“Durulmuş diyenler göklere
Durgun değil midir fırtına öncesi
Sokaklara yanılmış diyenler
Yanıldığı görülmüş müdür şafak vaktinin
Umut yenildi ise demircilerin dövdükleri nedir örslerle hâlâ
Ya ilk yazda çatırdayan buzlara ne demeli?”
Zor bir süreçten geçiyorlardı… Düşman her cepheden saldırısını yoğunlaştırmış; Türkiye Kürdistanı’nda teknik ve teknolojik üstünlüğünü kullanarak gerillaya ağır darbeler vurmuştu. Gerilla Dersim’de de ağır kayıplar vermişti. Özellikle böylesi süreçlerde dikkati daha fazla yoğunlaştırmak, yere daha sağlam adımlarla basmak gerekiyordu… Yapılacak en küçük hatanın çok büyük sonuçlar doğuracağının farkındaydılar ve bütün planlamalarını ona uygun yapmışlardı. TRT radyosunda hemen her gün duydukları Süleyman Soylu’nun “gerillayı bitirdik” söylemlerine verilecek en iyi cevap, düşmana darbe vurmaktı… Çünkü savaş içinde bulunan bir kimse için en kötü durumun, tamamen hareketsiz ve etkisiz kalmak olduğunu çok iyi biliyorlardı.
Bu düşüncelerle çıktı mangasından Rosa.
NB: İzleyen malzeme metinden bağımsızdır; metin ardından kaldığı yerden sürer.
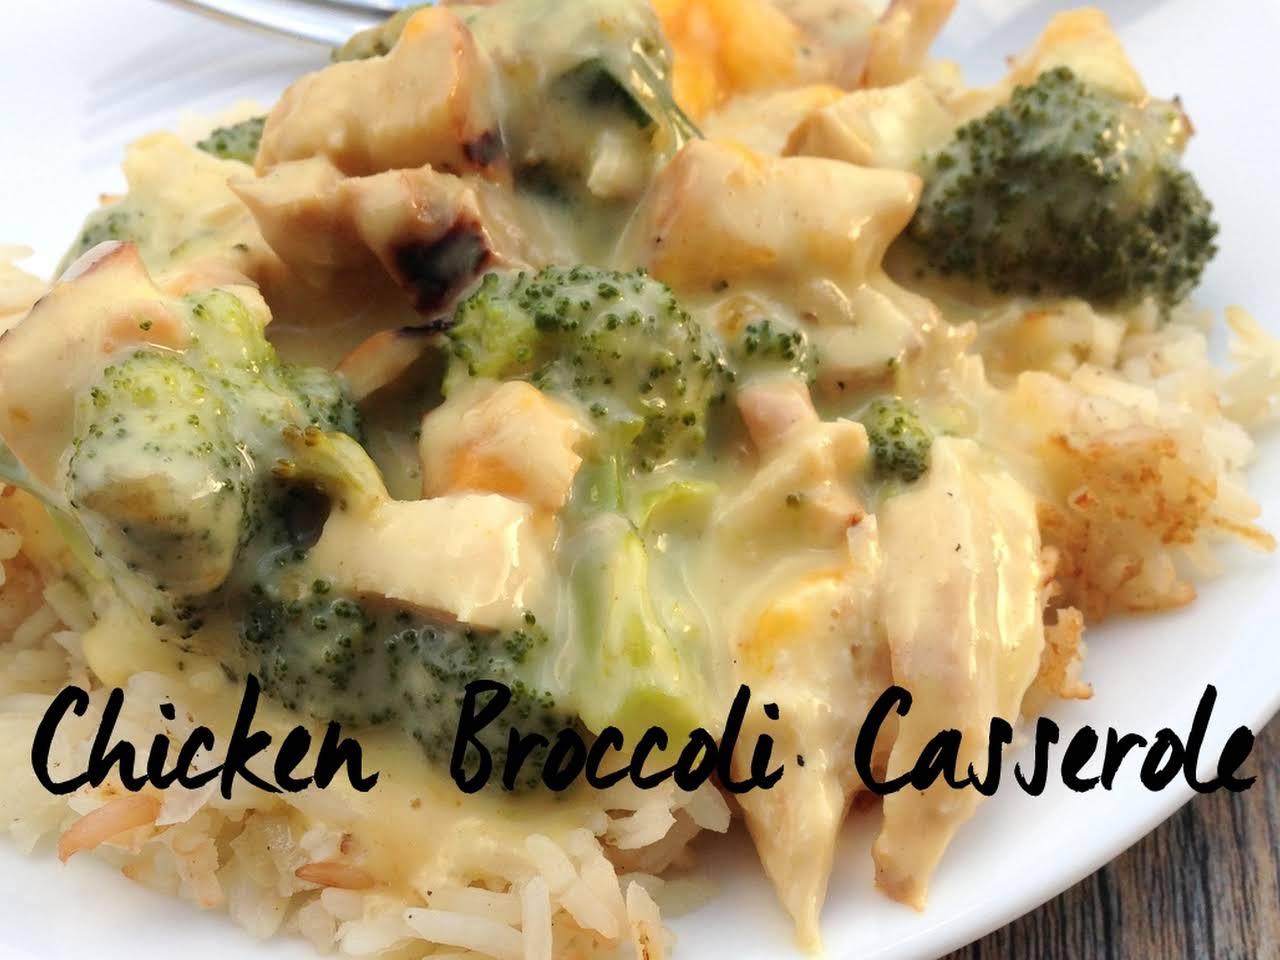 10 Best Chicken Broccoli Casserole Recipes Yummly

Silahını omzuna attı, dürbünü boynuna takıp araziye dürbün atmaya gitti…
Telsiz o gün her zamankinden daha fazla hareketliydi. Düşman kanalları kimi yerlerde full vuruyordu. Bir süredir arazide düşman olduğu bilgisi de vardı. Böyle bir arazide düşmana vurmayı, yoldaşlarının intikamını almayı çok istiyordu. Daha önce yoldaşları aynı arazide düşmana darbe vurmuştu. İyi bir keşif ve düşmanın hareket tarzını doğru yorumlayarak kendileri de vurabilirdi. Bu yüzden de daha ayrıntılı inceliyordu araziyi. Orman çok sık olduğu için düşmanı görmek pek de kolay değildi, ama imkânsız da değildi. Aynı zorluk düşman için de geçerliydi, yine de dikkat etmek gerekti. Çünkü düşman sadece gizli güçleriyle pusu atmıyordu. Aynı zamanda keşif uçakları, araziye yerleştirdiği fotokapanlar, ajan, iş birlikçi ağı gibi birçok yöntemle birden saldırıyordu. Bu yüzden askeri kurallara uymak, her zamankinden daha fazla önem kazanıyordu.
Telsiz hareketliliğinde düşmanın arazide olduğunu bilip onu görememek çok sinir bozucu diye düşündü… Ovacık’ta faaliyet yürüten gerillalar için bu çok sık yaşanan bir şeydi.
Dürbün atıp noktaya döndü. Noktada kendisini bekleyen yoldaşlara bir şey göremediğini söyledi. Günlük planladıkları işleri yapmak için harekete geçmek üzereyken keşif uçağının sesi duyuldu uzaktan. Hareketsiz kalıp dinlemeye, Heronun nasıl hareket edeceğini anlamaya çalıştılar. Umarım bu sefer çok uzun çalışmaz diye düşündü Rosa. Heron, bulundukları arazide yoğunlaşıyordu. Kısa sürede gidecek gibi bir hareketi yoktu. Bir süre sonra daha dar daireler çizerek bulundukları noktanın üstünde dolaşmaya başladı.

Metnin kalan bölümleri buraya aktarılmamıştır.